Before certain quality assurance measures can be performed on SNPs, the phenotype and genotype information needs to be merged.
Again, exclude the X chromosome from the following analysis. Also, specify case/control status because Hardy-Weinberg Equilibrium (HWE) will only be calculated based on control samples.
This will turn the column magenta denoting the column as the dependent variable. The spreadsheet should look like Figure 6-1.
The Genotype Filtering window lets you simultaneously choose thresholds for multiple statistics to filter SNPs failing to meet respective quality assurance measures.
- Drop if Call Rate < 0.9
- Drop if Minor Allele Frequency < 0.01
- Perform HWE filtering based on: Controls
- Drop if Fisher’s exact test for HWE P-Value < 1e-4
Upon completion, SNPs in the Edited Phenotype + 500K Geno Training Data - Sheet 1 not meeting the specified thresholds are inactivated. A new spreadsheet, Filtering Results, will also be output with the various markers statistics for each SNP.

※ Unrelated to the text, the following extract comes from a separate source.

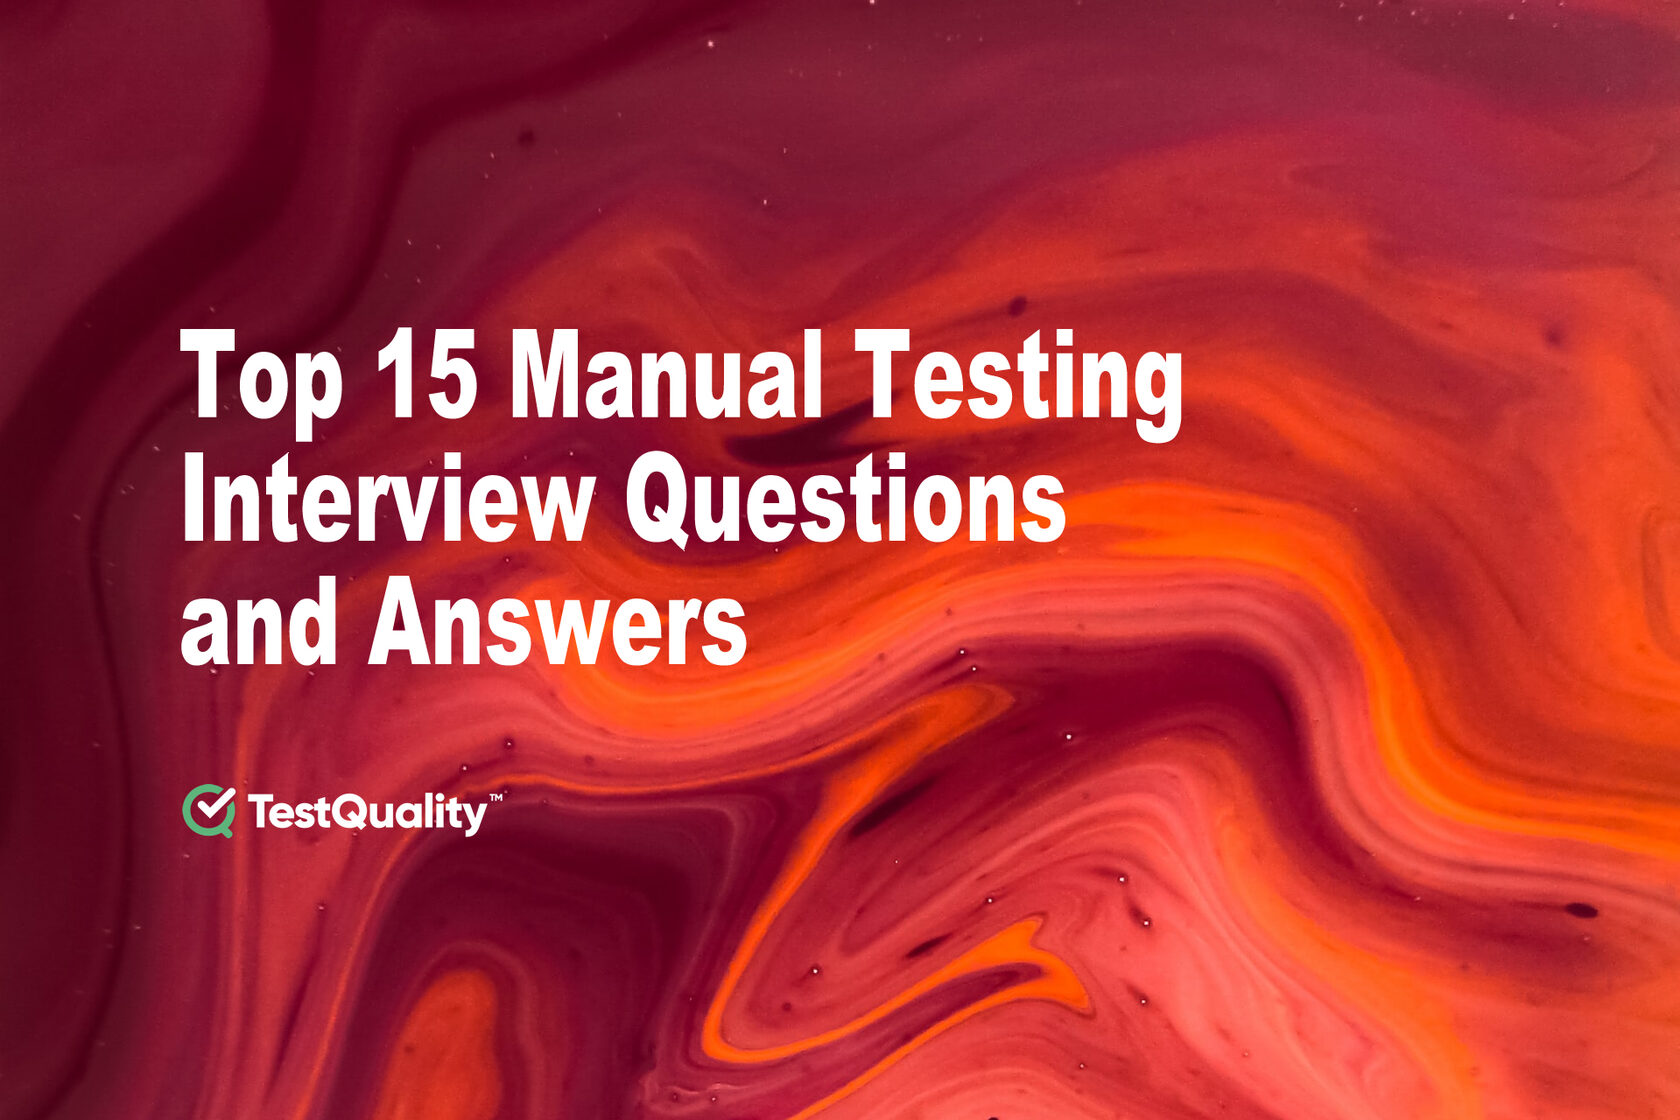 Top Manual Testing Interview Questions and Answers | TestQuality

Assuming all steps were followed correctly to this point, 104,734 SNPs should have been filtered. Though any further analyses only takes active columns and rows into consideration, it is often preferred to first create a subset spreadsheet of only those that are active.
The new spreadsheet, Edited Phenotype + 500K Geno Training Data - Active Subset, should have 468 rows and 384,030 columns.
You should now have a filtered set of samples and SNPs for association testing.